Me has dado, Señor, la capacidad de transitar senderos con rotondas agolpadas entre brumas, truenos y goces; entre esta máscara de silicón que cubre mi existencia y quebranta las respuestas que aguardan a la muerte.

Señor, encerrado en esta cáscara viviente, doblado en mí mismo como un embrión in vitro y descreído como una víbora pisada, ¿no podría preguntarte por aquello que permanece aún prohibido por los desastres provocados en el nicho adánico, donde bestias y brisas estremecían el amanecer y lo bebían, y la luz crecía sobre las sombras? Sería mucho pedirte, Señor, que me abras más, mucho más, tu aliento, para moverme entre las constelaciones del amor y la más pura de las alegrías; y que como un simple sujeto apócrifo reintente acomodarme en el aposento bajo, allí donde los huracanes se deshacen, cesan las furias y las agonías se inclinan ante Tu presencia.

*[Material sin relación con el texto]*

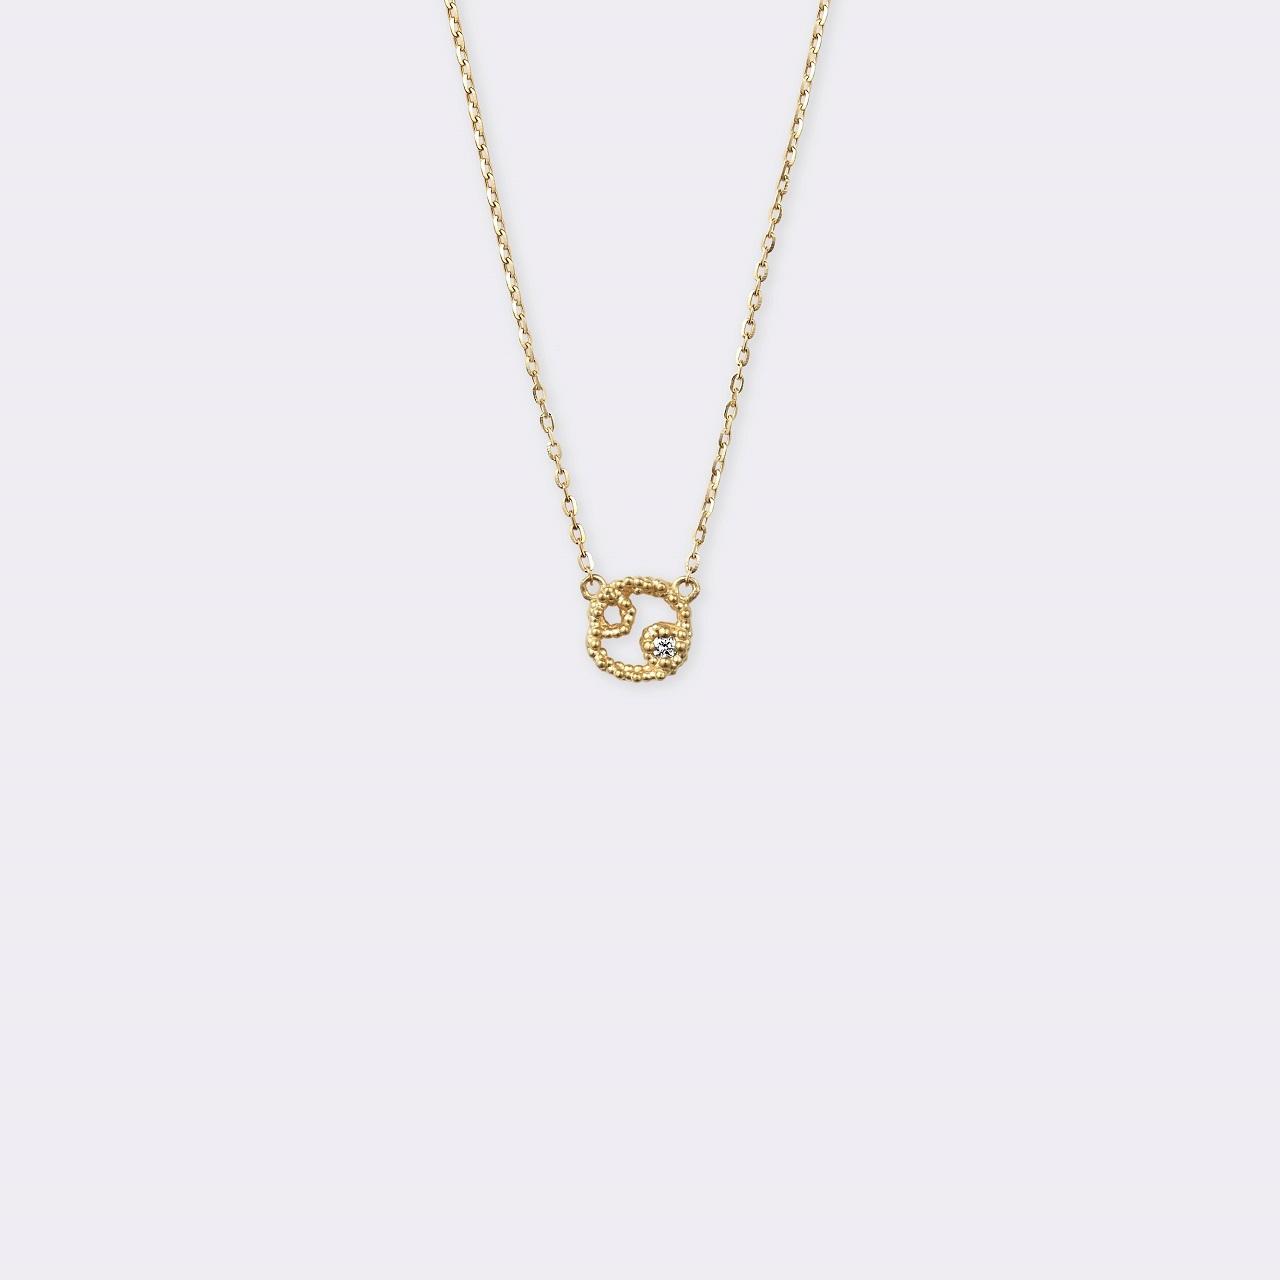 Horoscope Necklace 蟹座 K18YG(ホロスコープネックレス かに座 K18イエローゴールド)

Podría lanzarme aguas arriba, Señor, abandonándolo todo para subir la colina y crucificarme contigo, bebiendo tu último gemido y asiéndome a tu misericordia. Pero dime, Señor, ¿qué debo hacer? Explícamelo como lo ordenas al sol en cada aurora, despejando las sombras; como lo estableces en el vuelo audaz del águila, como lo expresas en la maravillosa figuración del arcoíris y en la humedad de la yerba amanecida.

Pero estoy tan cansado, Señor, tan ahíto de los gritos revestidos, de las algarabías camufladas, de las historias repetidas y orladas de calumnias, que hasta podría dormirme sobre la ventisca para esperar remontarme en el tren del destino.

Este cansancio podría extrañarte, Señor, pero fue comprado en la última oferta esgrimida, en la gran venta interior del alma; precisamente donde la especulación abate la vida y la trastrueca; allí donde la música rebota entre los tímpanos y quiebra la razón como cuarzo tostado.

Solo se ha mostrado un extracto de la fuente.